Galt, I can't find anything about the Greemount & 27th shooting, let me know if you hear anything...

19 comments:

Anonymous said...

"Then they showed people in the neighborhood pictures of the suspect. That led them to arrest 22-year-old"

Anonymous said...

You should fix your multiple typos before giving us grief over style guides.

Anonymous said...

Men's Health magazine awards Charm Sh*tty an F for Safety and an F for Quality of Life, among other things.

Maurice Bradbury said...

Dear "anonymous"-- I'm an unpaid volunteer (and professional writer by day) who might strike a wrong key sometime. If you report for a living for a media outlet (say, oh I dunno, WJZ) and you don't know what a compound modifier is (hint: "100-pounds" is not one), and your editors can't be bothered to check your style, you need a new job -- you're working for as bunch of hacks and you're going nowhere. Try selling cars.
Zing!

Maurice Bradbury said...

I'll be psyched if you can sell "over" one car. Loser.

Anonymous said...

Ummm... if a person kills 5 people since 1999 doesn't that make him a serial killer? News outlets seems really scared to use that term!

Anonymous said...

How about serial offender? Oh, that's right... we already have a term for that.... Baltimorean.

Anonymous said...

What do you call a Baltimorean in a suit?

The Defendant.

Anonymous said...

What do you call a guy who's sure he's sorry but forgets what for?


A Maryland parolee.

Anonymous said...

Here's the shooting:

http://www.baltimoresun.com/news/local/bal-md.slaying21dec21,1,4274881.story?coll=bal-local-headlines


The blotter is a sampling of a sampling. Hence, multiply crime stats by some rather large coefficient to get a sense of the reality.

Anonymous said...

Note: the TV news bumped the shooting in order to cover the breaking "Teen Returns Lost Wallet After Two Years". Only in Baltimore is a shooting & armed robbery a hum-drum event. Maybe that's why Baltimore is persistently on the Worst list of American cities.

Anonymous said...

I used to like this site, but you guys are getting a little out of control.

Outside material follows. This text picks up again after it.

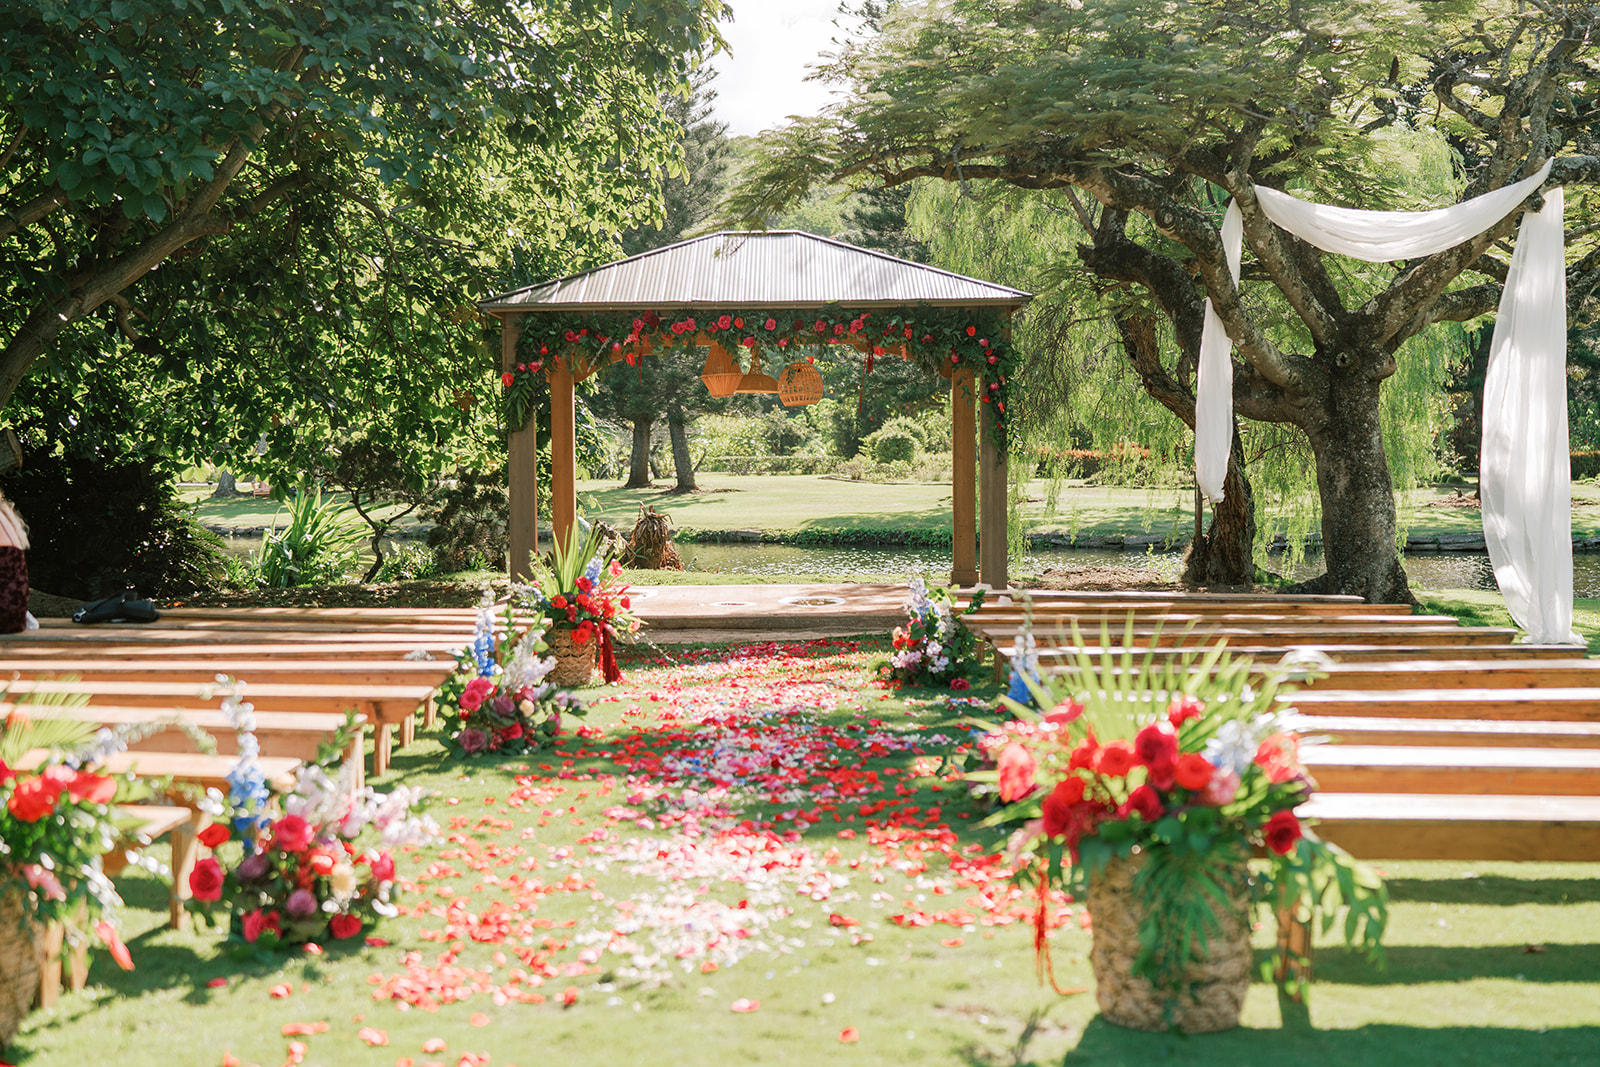 Outdoor Hawaiian wedding setup with a floral-decorated gazebo and petal-strewn aisle in a garden setting in Kauai

galt, I have yet to hear a decent solution/joke/missive/anything out of you.

Maurice Bradbury said...

There's a simple solution to that, elliot: stop reading!

This morning on JZ, Mary and Marty are interviewing a doll collector, and on WBAL I learned that American kids are really fat (heh heh, look at that fatty trying to do sit-ups! Now that's news I can use!) I also hear from the news that Rivers Cuomo finally got laid, Gwen Stefani's got a bun in the oven, and there's a crazy cat collector lady in Mt. Airy. With so much fascinating, unchallenging information out there, it's beyond me why anyone would want to read this site in the first place... I don't even want to write it, now that you mention it.

Anonymous said...

Well your just a link farm, anyone that reads the news knows the half dozen local sites to go to.

Maurice Bradbury said...

If you don't work for JZ, you should apply for a job there-- I've heard the main skill they require is being able to cram two or more grammatical errors in one sentence.

And if "your" paying attention, you'll note that there's an exclusive quite often, usually once a day: this past week there were "over" a "half dozen" = info on the time and location of Hopewell's bail review, the Heather Mink story, the NJ story of the lax coach (unreported in any Bmore sources), the Ellerby story, Brent Ross and Afiba Roebuck.

And even if this is "just a link farm," it's a sorry comment that no single daily source can manage to pull together a report of who's getting murdered, n'est-ce pas?

Anonymous said...

Sorry, John. I was having a bad morning. I just didn't think those jokes were funny.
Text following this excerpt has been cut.